--- WHAT IS EXPECTED ---
Repeat verbatim the lines of the data below, beginning with the line containing "Gebruikershandleiding" and continuing to the end.

*** DATA FOR REVIEW Section Begins ***

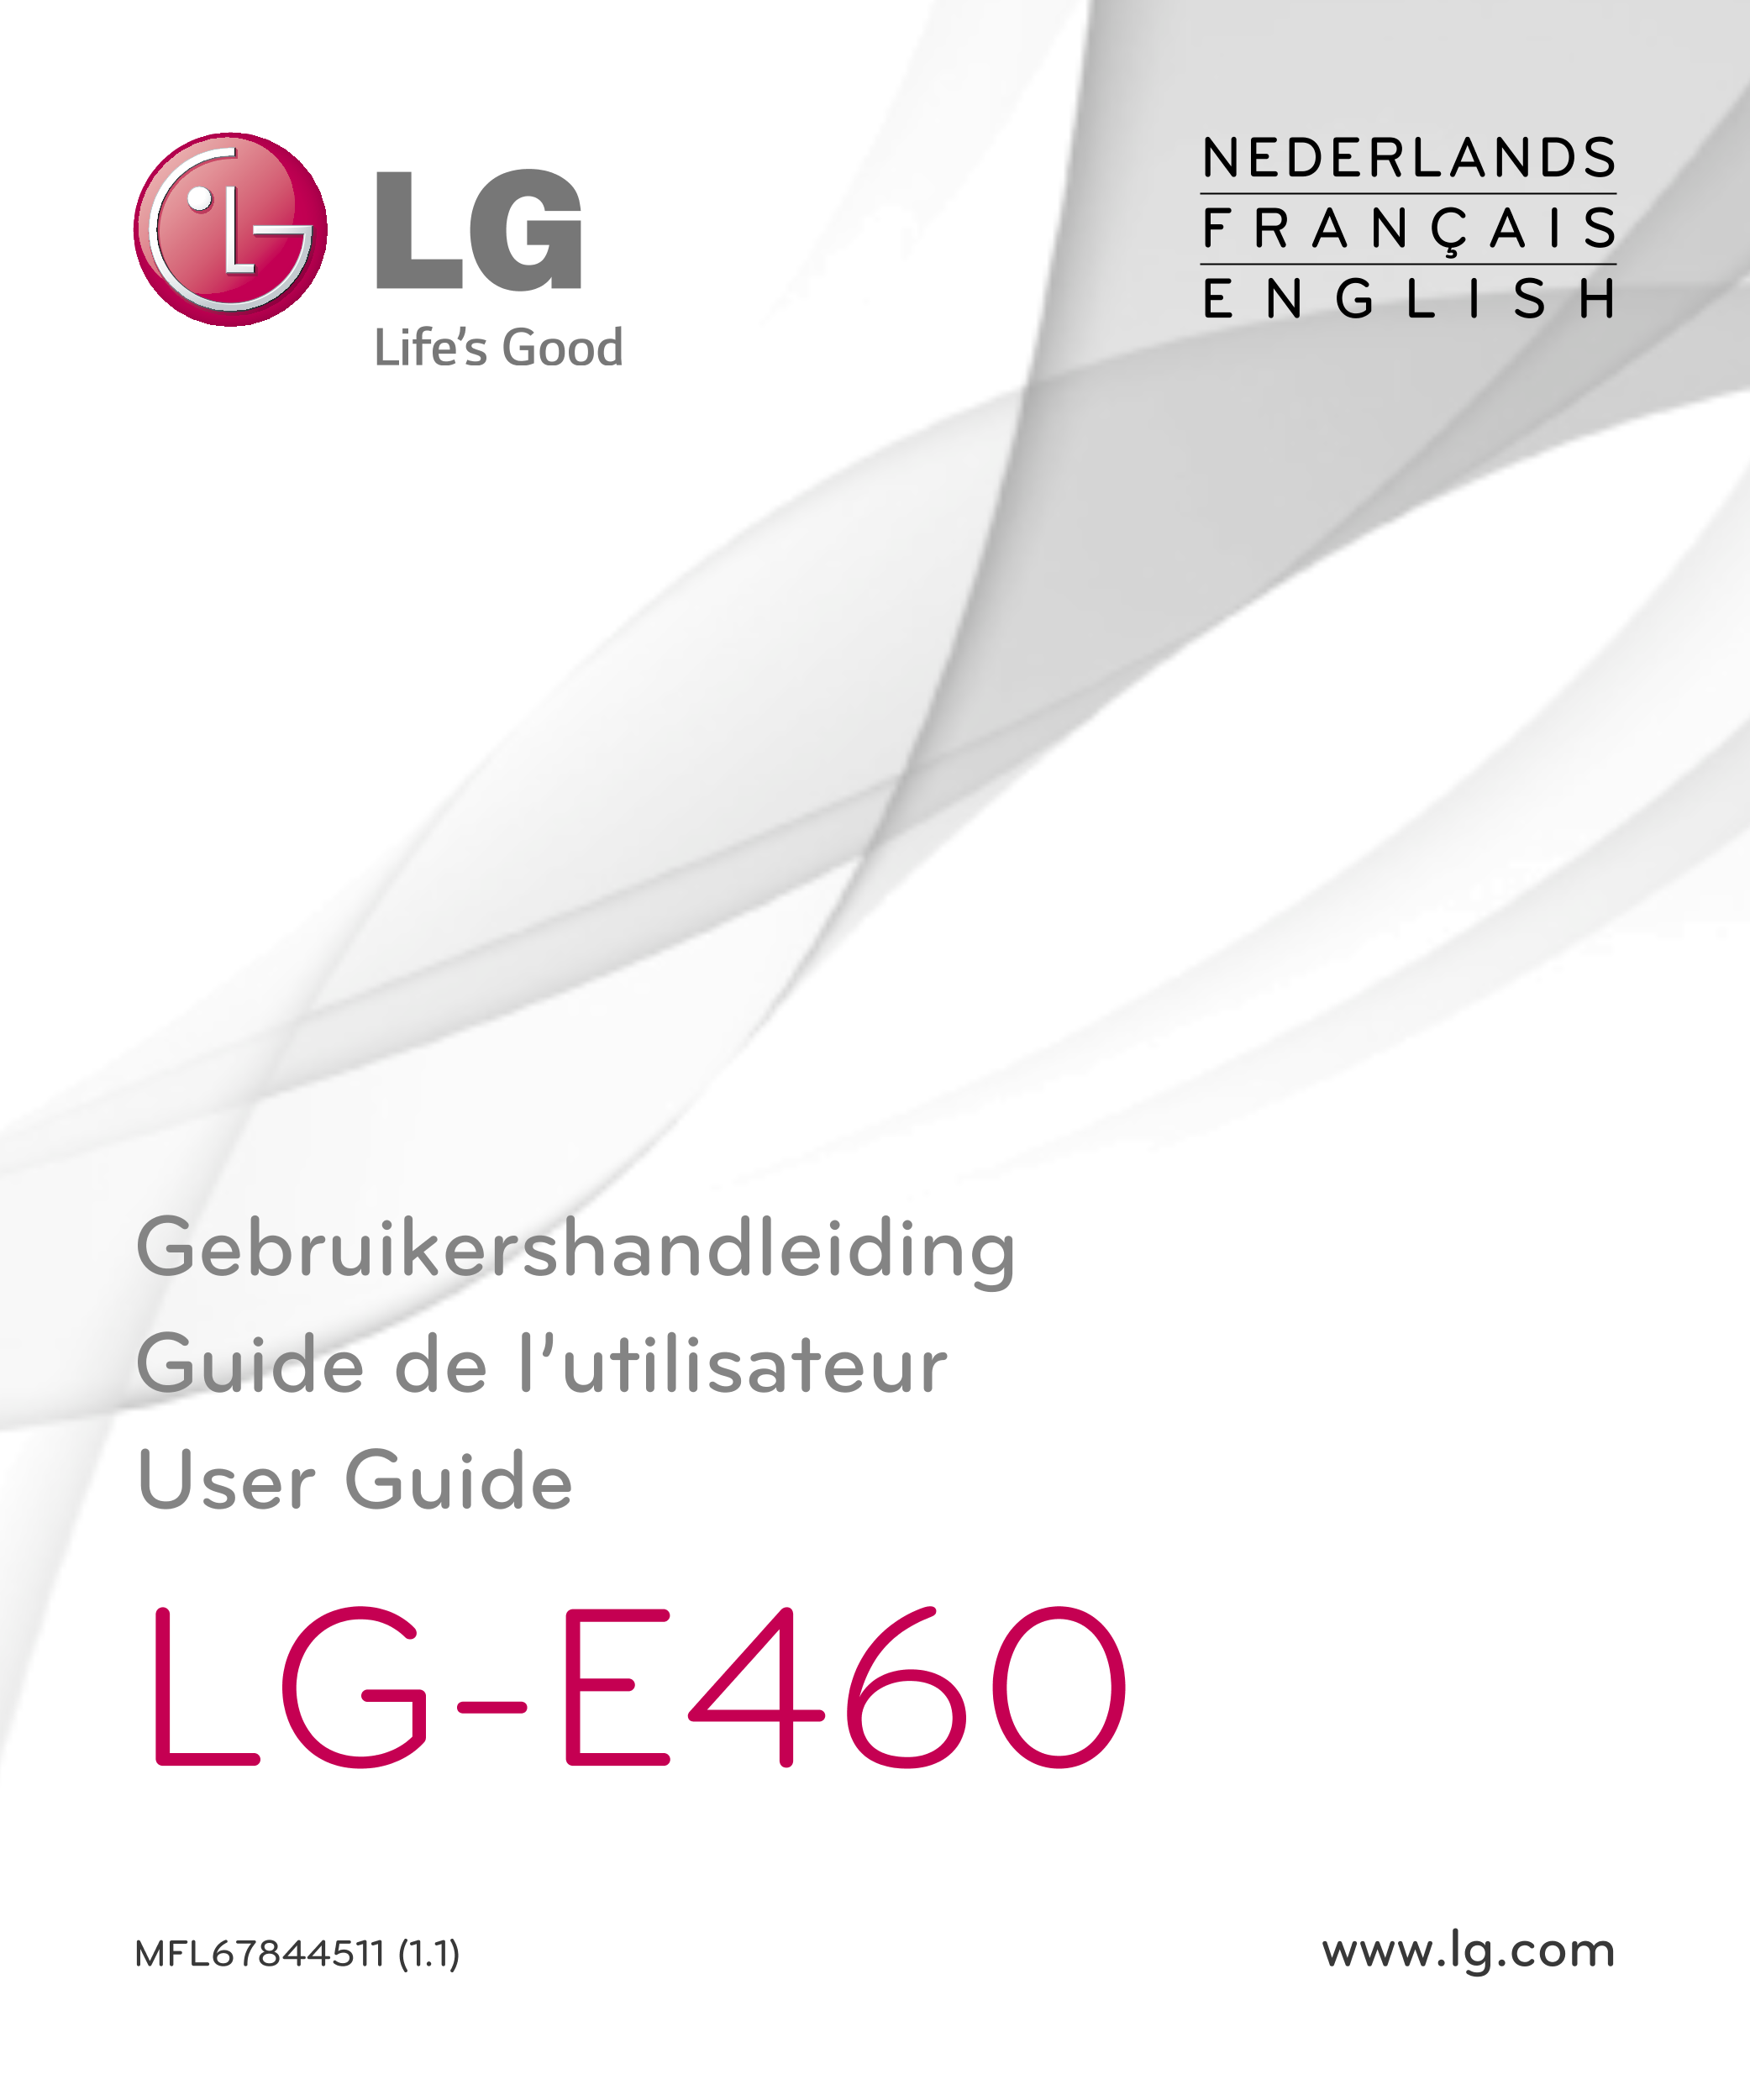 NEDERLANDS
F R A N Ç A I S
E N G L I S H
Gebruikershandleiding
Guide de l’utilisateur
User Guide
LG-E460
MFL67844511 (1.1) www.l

*** DATA FOR REVIEW Section Ends ***

--- TASK OUTPUT ---
Gebruikershandleiding
Guide de l’utilisateur
User Guide
LG-E460
MFL67844511 (1.1) www.l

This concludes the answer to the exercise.